**** Extracted data ****

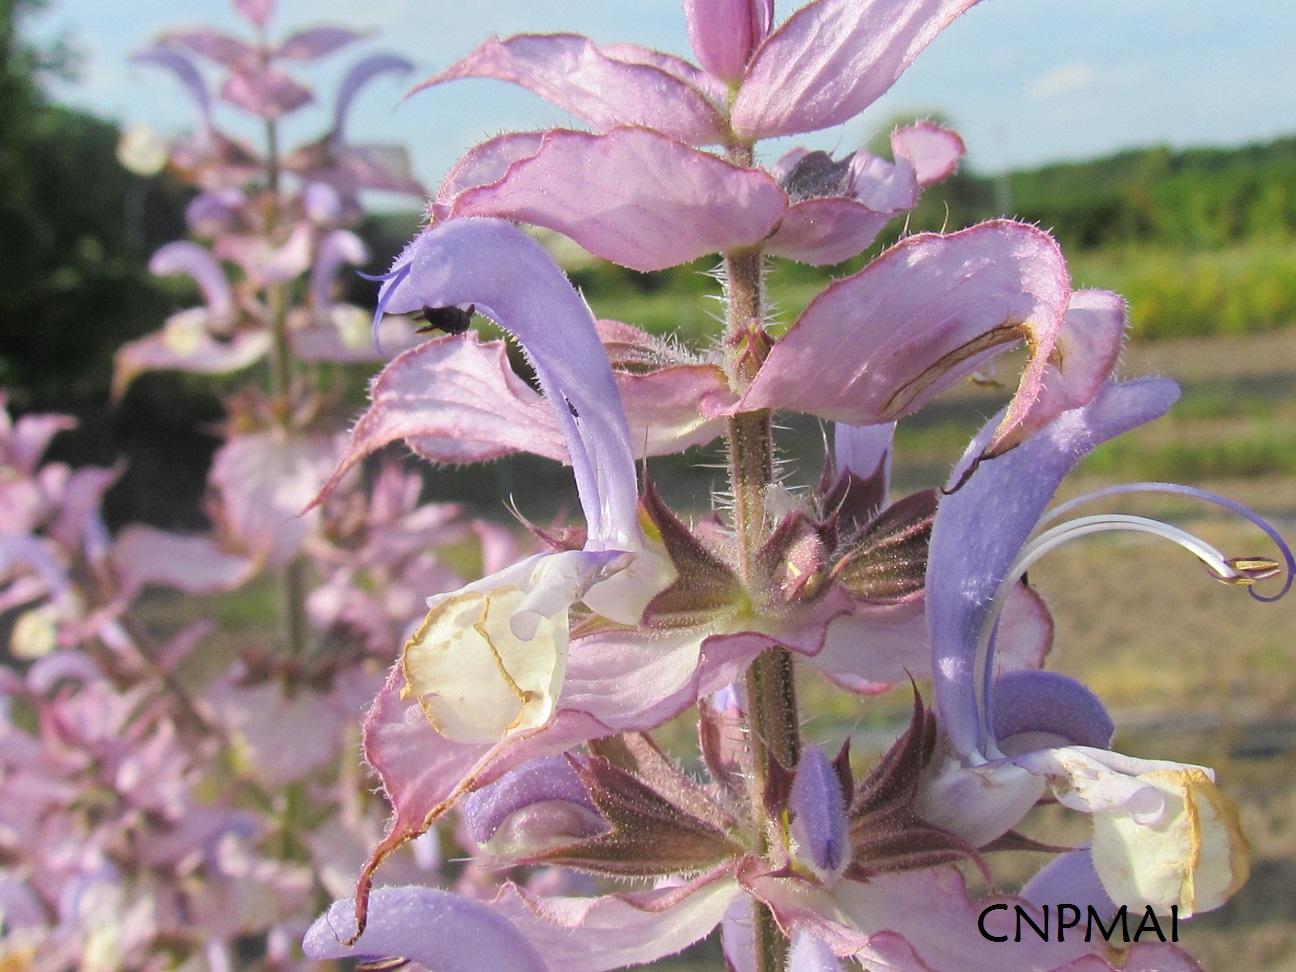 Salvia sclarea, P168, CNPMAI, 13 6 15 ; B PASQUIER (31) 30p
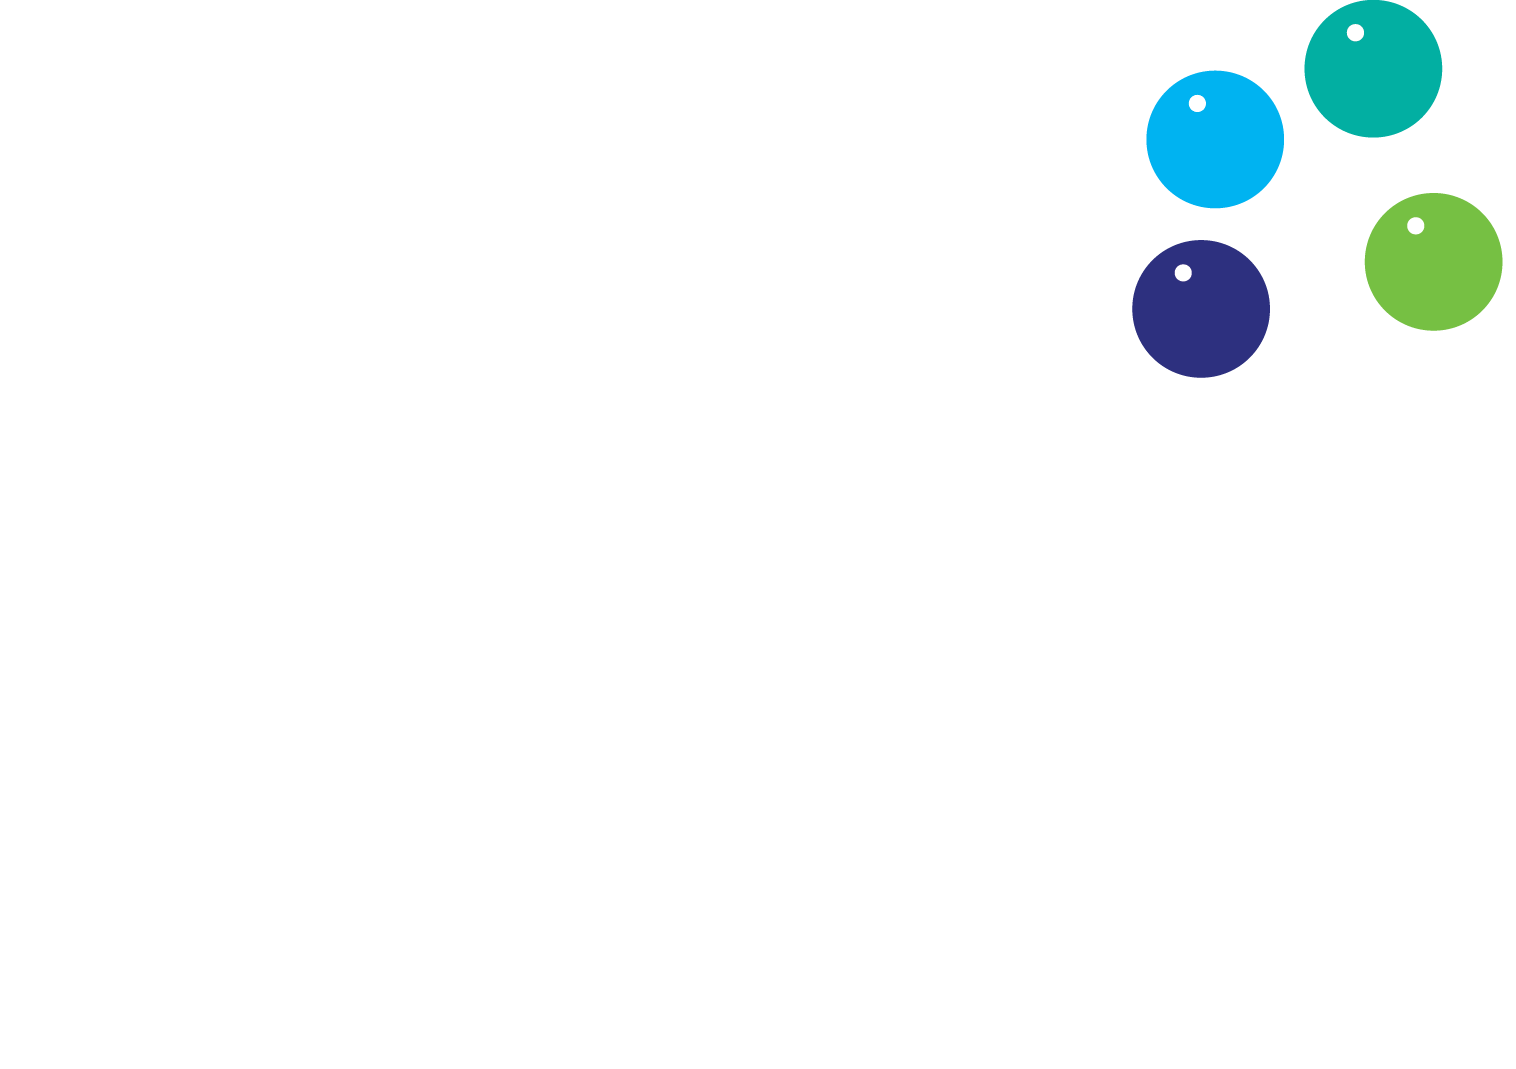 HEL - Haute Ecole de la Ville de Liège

****
**** Extracted data ****

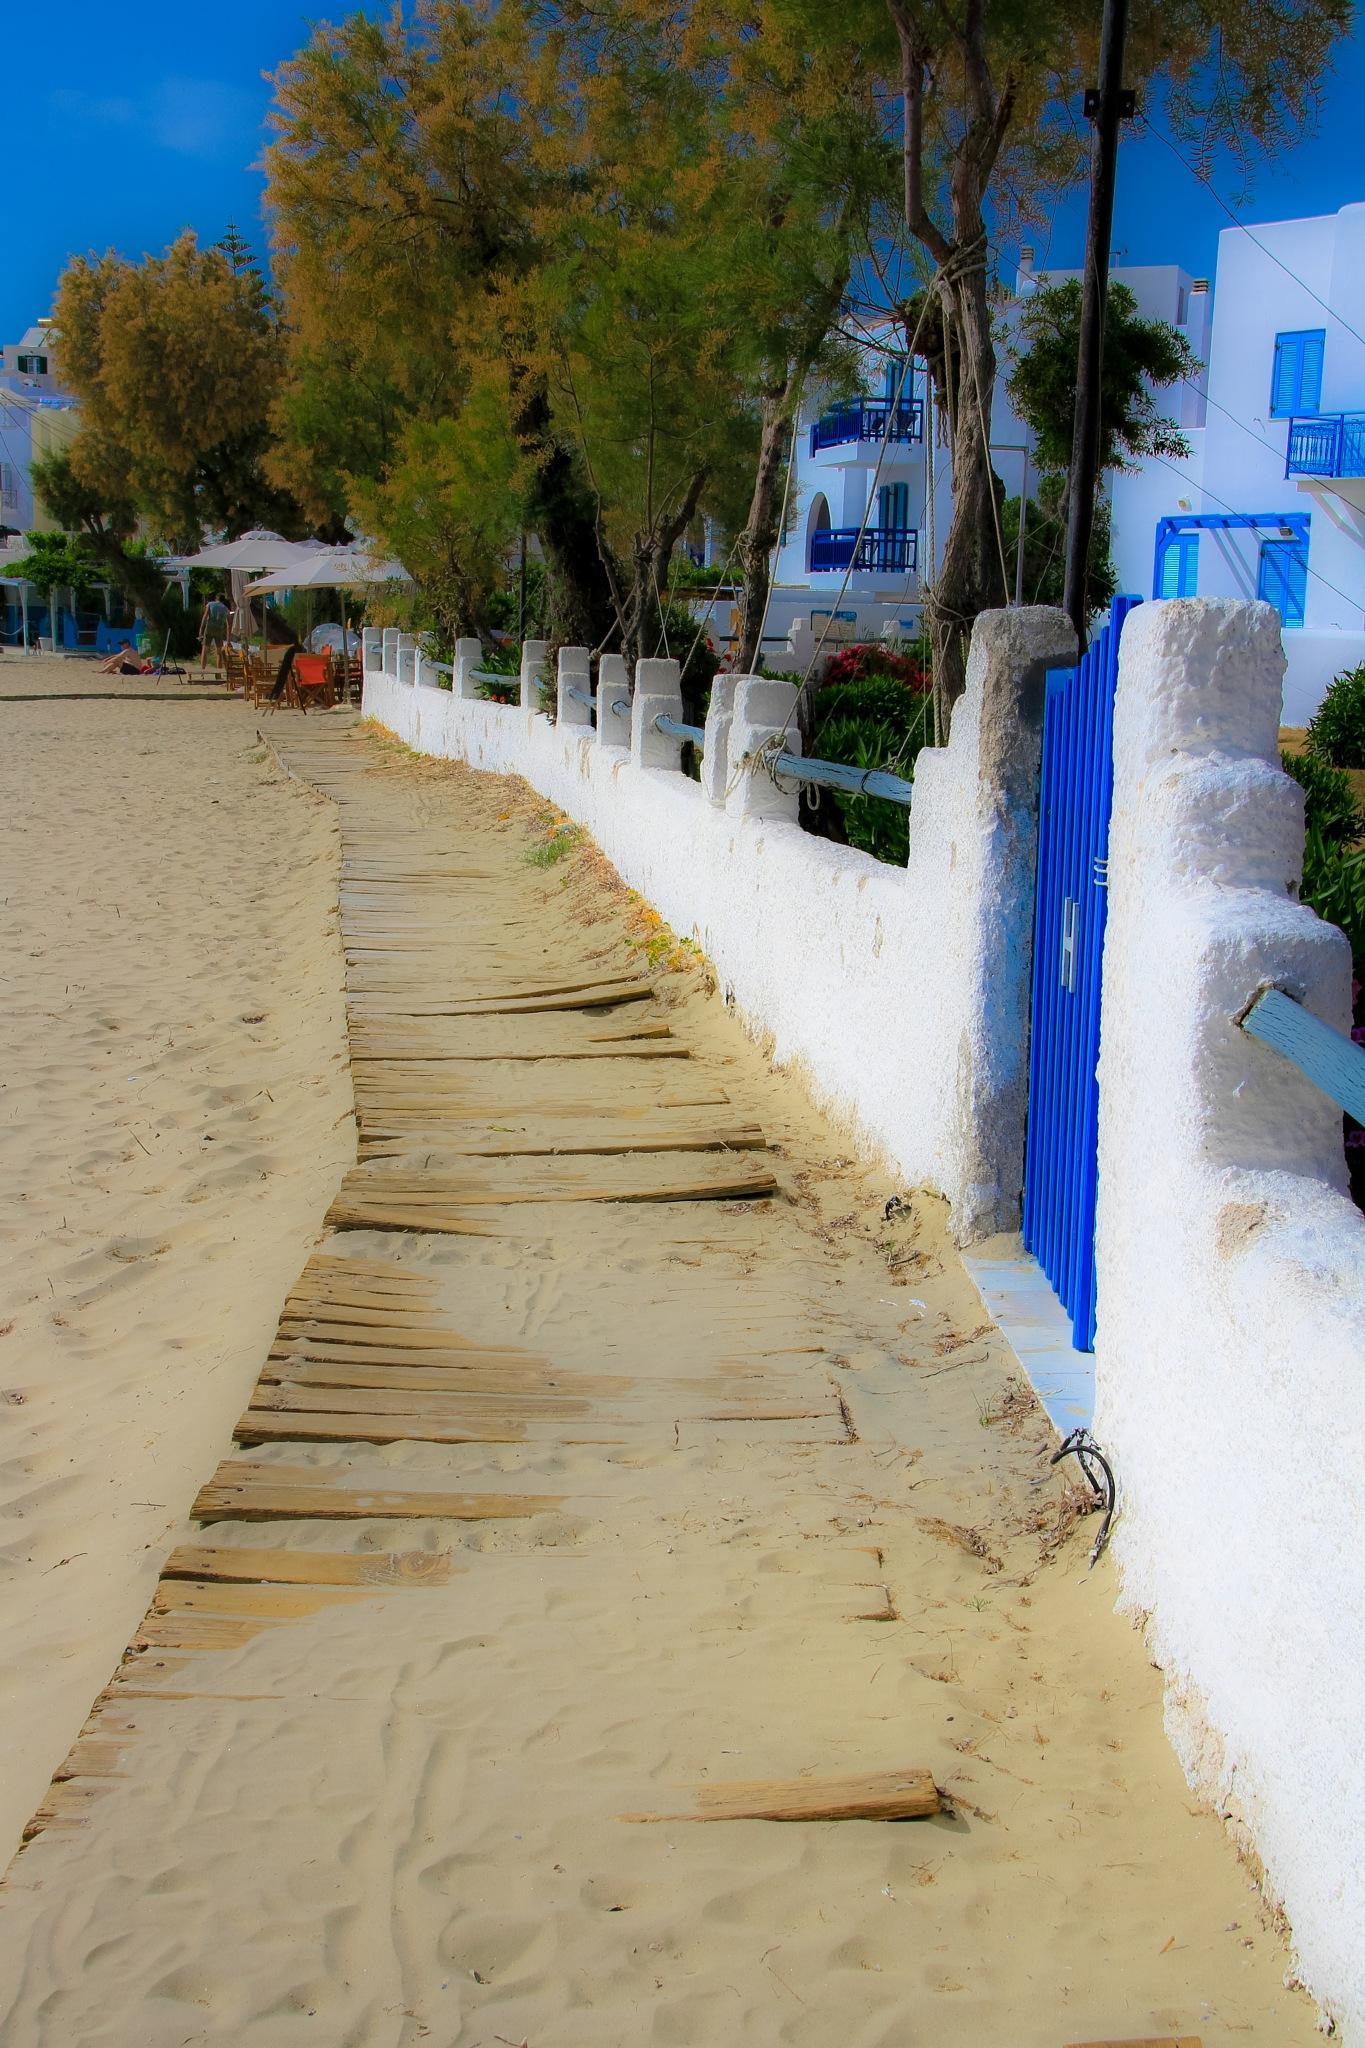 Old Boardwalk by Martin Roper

****

### Work required
Text only, no pictures: please print exactly the lines above from the line with "Salvia sclarea, P168, CNPMAI, 13" up to and including the line with "HEL - Haute Ecole de la Ville de Liège", and nothing else.

### Answer for this exercise
 Salvia sclarea, P168, CNPMAI, 13 6 15 ; B PASQUIER (31) 30p
 HEL - Haute Ecole de la Ville de Liège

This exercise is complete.